Our Betta died and we told her. She seemed to grasp the idea ok.

We waited awhile before getting a new one so it would sink in that he was gone.


----------



## Viola (Feb 1, 2002)

Quote:

_Originally posted by danaalex_
*i'd replace it too. a 4 yo might appear old enough to handle the idea of death but most of them actually are not. they don't understand it. death is not "concrete" to them yet.*
That's probably why I would tell her, just to kind of ease into the whole topic. My daughter was having a discussion with my husband one night and she said, "Wouldn't it be sad if Mommy didn't come home." He said, "Yes that would be very sad." Then Molly said, "Oh, I know, we could get a new mommy at the store!" So I don't think death really is that concrete to her, although this was about a year ago, so I think she is grasping it a little more.

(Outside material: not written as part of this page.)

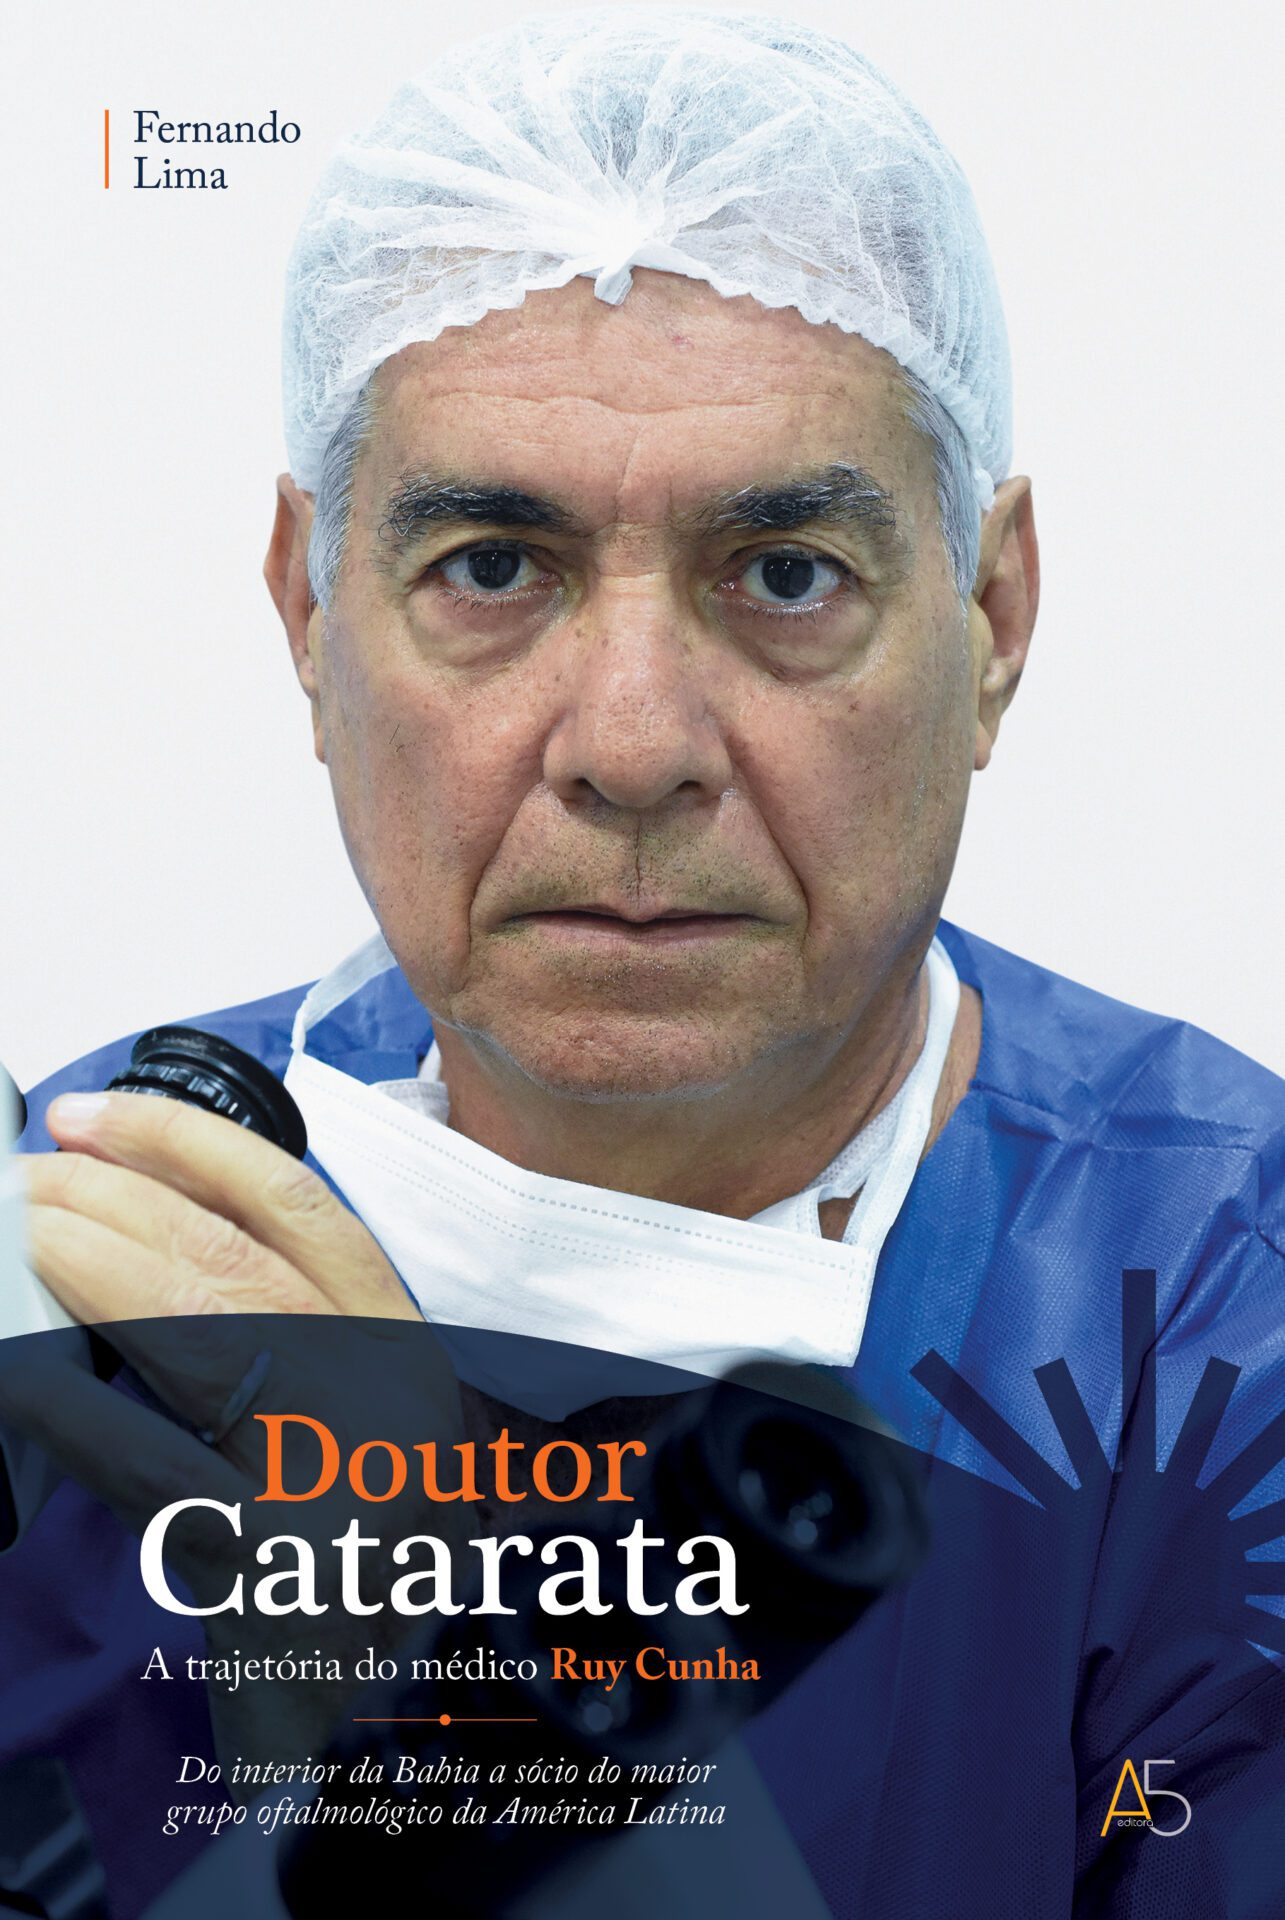 Médico Ruy Cunha terá biografia lançada em congresso internacional de oftalmologia realizado em Salvador

She got a stuffed owl and we were at the playground. She wanted to know what owls eat, and I said mice among other things. Wrong thing to say since she loves mice. She got very upset and said that owls can't eat cute things. She actually got angry and started to cry. I don't know why that upset her, since she knows that cats kill mice and she loves cats, but she just didn't like the idea of her toy owl killing cute little mice. My friend was there with us and said, "that's just the harsh reality of life." I was about ready to back down, but I didn't want to because my friend kept telling her that owls *do* eat mice. Then she changed it to rodents and Molly was fine with that. Of course, I just had to point out that gerbils are rodents







but she was running away to play and didn't hear me.


----------



## malamamama (May 13, 2003)

Dd's fish died and we told her. She is 3. She asked why he died and I explained to her that the water wasn't right for him. It was too cold and there were too many fish for that bowl. (Bad Pet Store Advice!). It didn't get all heavy and deep about death. It just was what it was.
And then I told her we could get another, but first I needed to read a lot to learn what is best for the new fish.
So I highly recommend that when you do get a new fish, make sure the environment is right.
I learned that Betas do better with silk plants, not live. Although they live in small bowls, they are happier in bigger bowls. In fact bowls are ok, they don't need tanks. They do like warmish water. And we feed them Beta pellets. They look like little tiny beads. 6 in the morning...that's it. I change the water every week-10 days. I hope this isn't giving you too much unsolicited advice


----------



## stayinghome (Jul 4, 2002)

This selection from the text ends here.